What the task asks:
Retype nothing except the lines below from the one with "One of a Kind" through the one with "Watermelon Tourmalines have", exactly, with images left out.

Information supplied:
# # #
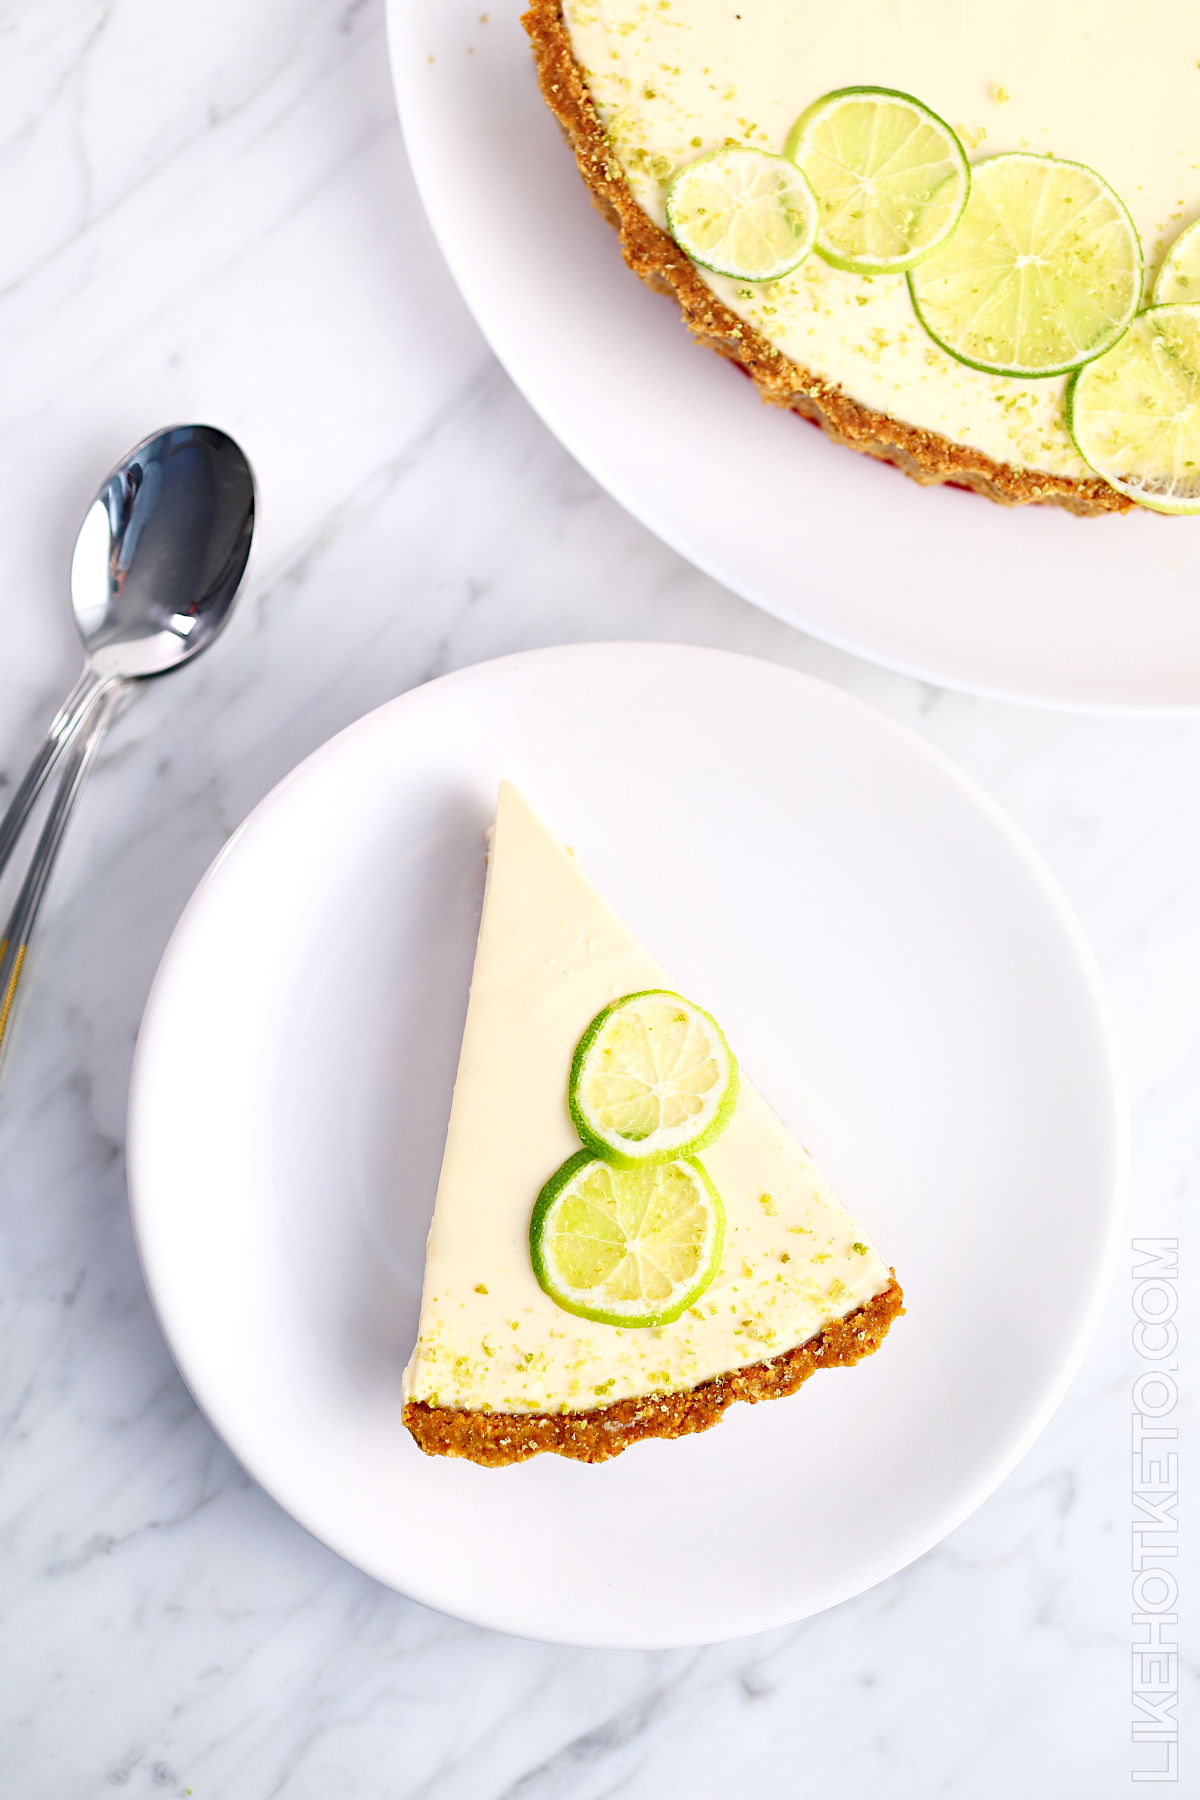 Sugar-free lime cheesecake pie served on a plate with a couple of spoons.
# # #
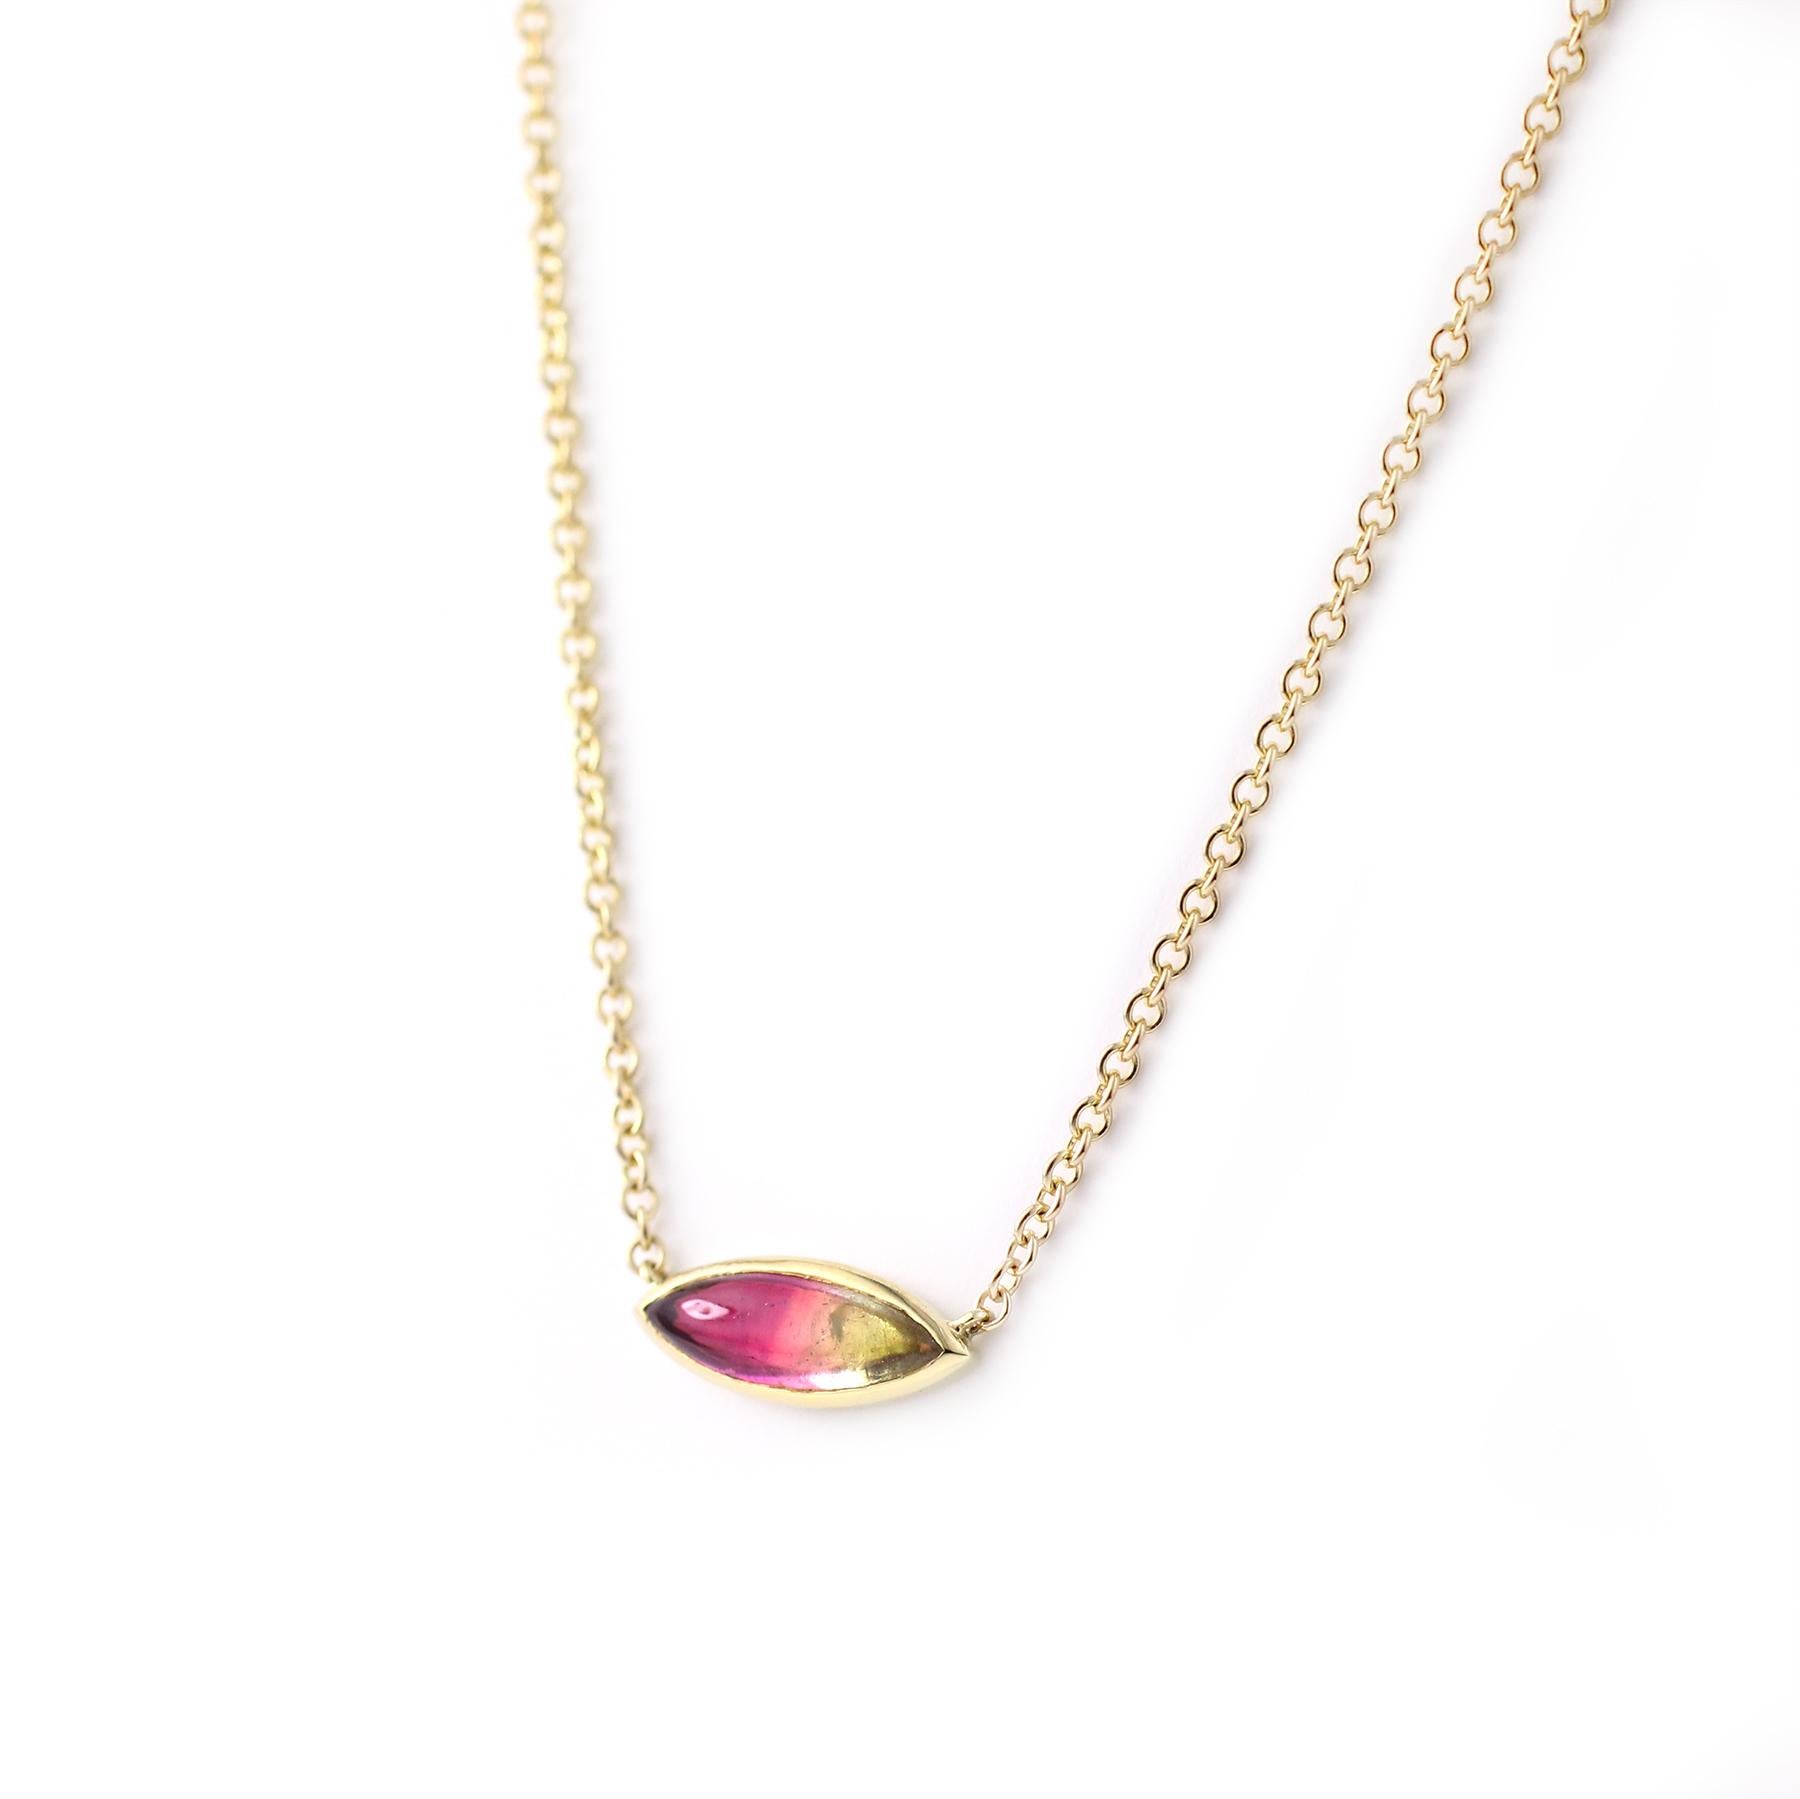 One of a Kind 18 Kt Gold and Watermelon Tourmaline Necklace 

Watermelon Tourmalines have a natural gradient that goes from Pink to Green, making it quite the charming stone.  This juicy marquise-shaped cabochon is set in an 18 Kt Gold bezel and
# # #
Reply:
 One of a Kind 18 Kt Gold and Watermelon Tourmaline Necklace 

Watermelon Tourmalines have a natural gradient that goes from Pink to Green, making it quite the charming stone.  This juicy marquise-shaped cabochon is set in an 18 Kt Gold bezel and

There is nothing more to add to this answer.